# Weather Channel or Soap Opera Channel



## steve in IN (Sep 30, 2009)

I cant be the only one wh thinks this. The Weather Channel used to be a good placeto catch the forecast and every ten minutes see the radar. It seems now they are trying to convince us all that certain proffessions are more important than others. You cant even get the weather forecast for hours at atime. These shows just show people "doing thier jobs" like everyone else does. It would be nice if they did thiers and give us the weather.

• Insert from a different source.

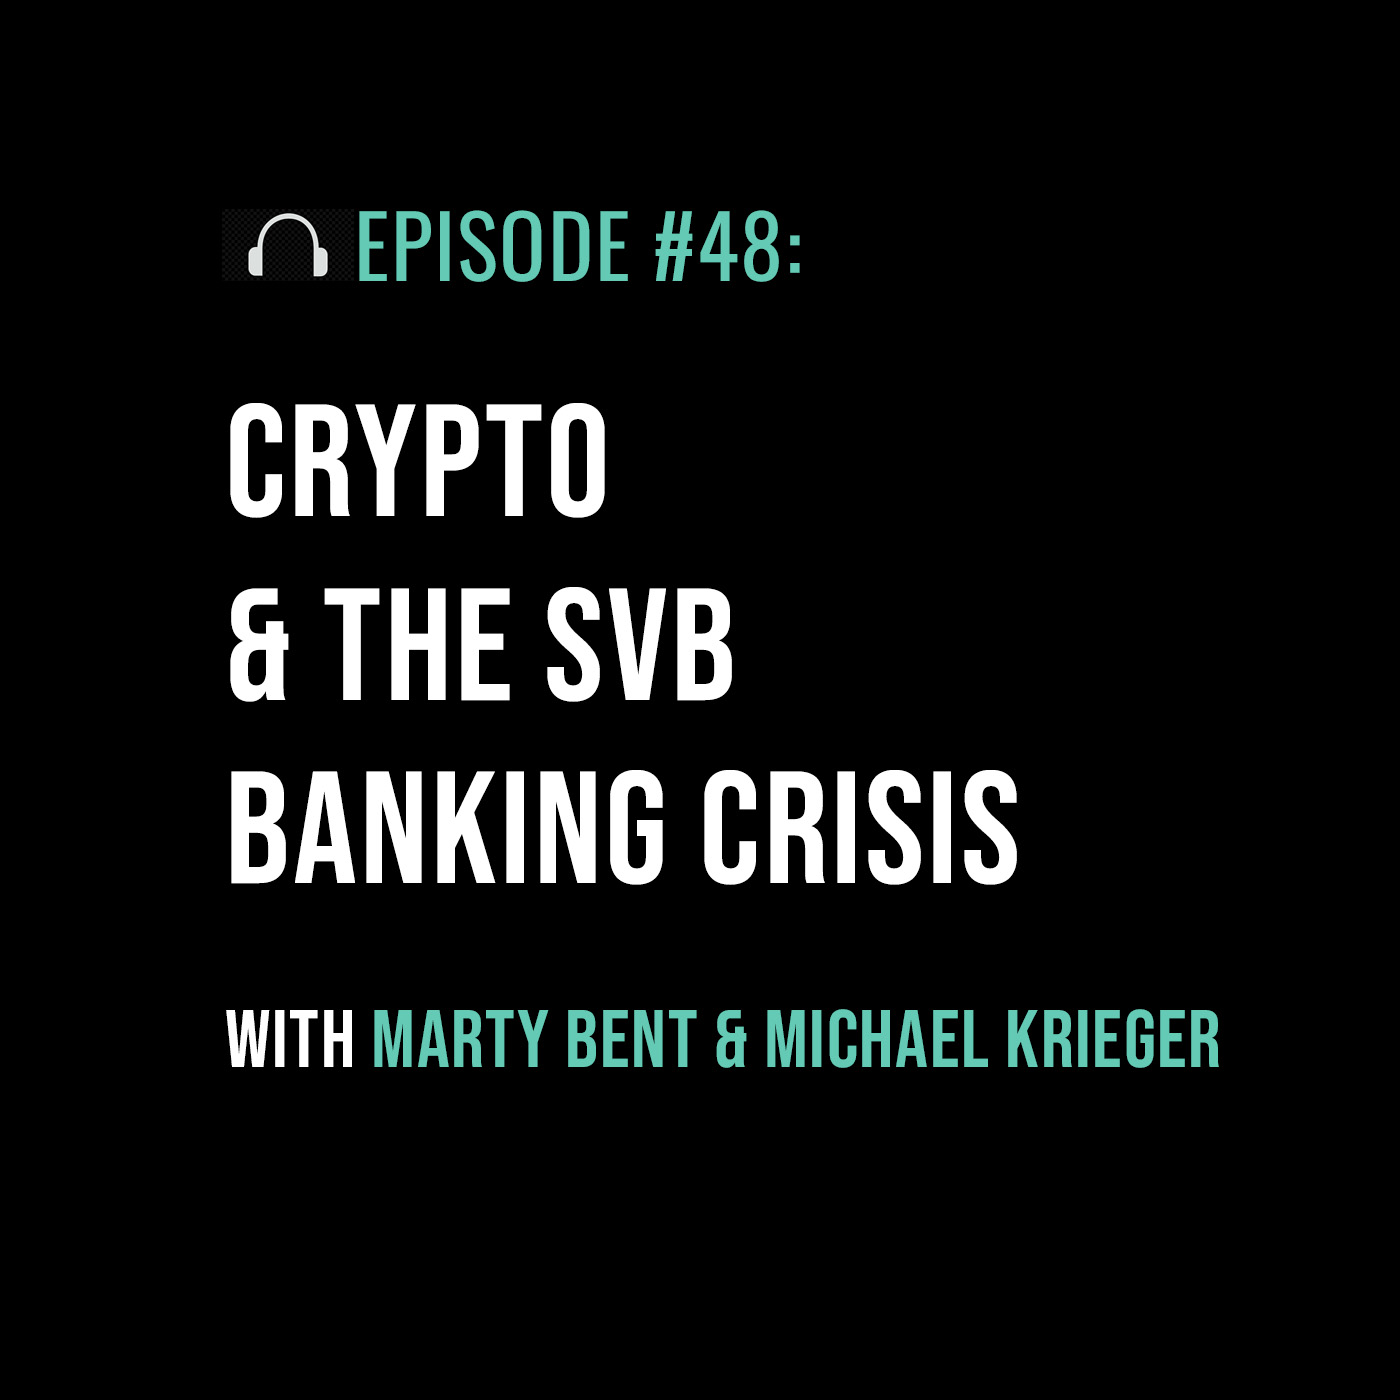 Crypto & the SVB Banking Crisis with Marty Bent & Michael Krieger

Just my opinion.


----------



## Nitram (Apr 2, 2011)

AMEN BROTHER!!!! If they feel the need to have "specials" then have a weather channel2 and run those and other intrest programming.


----------



## Tim/South (Dec 12, 2011)

I miss the "Local on the Eights". I could turn it on and listen knowing the local forecast would be on in less than ten minutes.
Now it is more like Local on the Eight Hour.

Morning jabber talk show host type setting is not getting it done for me.
They have up and gone communist on me.


----------



## Vol (Jul 5, 2009)

Booty show.

Regards, Mike


----------



## rjmoses (Apr 4, 2010)

We call it the "Weather Drama Channel". They're just using the FUD Factor (Fear, Uncertainty and Doubt) to draw attention. We no longer watch them.

Ralph


----------



## NDVA HAYMAN (Nov 24, 2009)

Yep, It's gotten real crappy and Vol is right. I use the 6am weather on local tv and my smart phone each and every morning. Mike


----------



## vhaby (Dec 30, 2009)

You can still use the weather channel for predicted local weather in your areas. If your provider is DirecTV, go to NewsMix and to the weather channel , wait a few seconds for the notice to show on the top right of the screen and than click on the red circular button on the remote. With your local zip code entered, you can see the weather prediction for the next few days, and even current radar for anywhere in the USA. When finished, click on the circular blue button to go back to the weather channel full picture and back to NewsMix. One no longer has to watch the performers or wait for local on the 8s. I agree this may not be as good as things like Intellicast and others.


----------



## Chessiedog (Jul 24, 2009)

I have never cared for the weather channel much. I don't think they do a very good job on local weather . When you having nothing but weather you have to dramatize to get some veiwers . I think my local TV stations do better. On the net I like http://www.wunderground.com/


----------



## steve in IN (Sep 30, 2009)

Have to agree Mike about the booty. I have often thought that if they get the forecast wrong then like poker, an article of clothing comes off. But then again I have been called a pervert before .


----------



## steve in IN (Sep 30, 2009)

vhaby, How do you do the newsmix thing? I cant get my remote to do anything. Thanks Steve


----------



## somedevildawg (Jun 20, 2011)

That would be like truth or dare for the weather channel, I like that....as long as its not jim Cantore.....not waiting to see him bail out of one of those hurricane hunters into the eye with nothing on, but I'm sure they would make him wear one of those stupid blue rain jackets....


----------



## steve in IN (Sep 30, 2009)

Dont forget his goggles.


----------



## somedevildawg (Jun 20, 2011)

Wow, how could I forget theme damned goggles........nice point


----------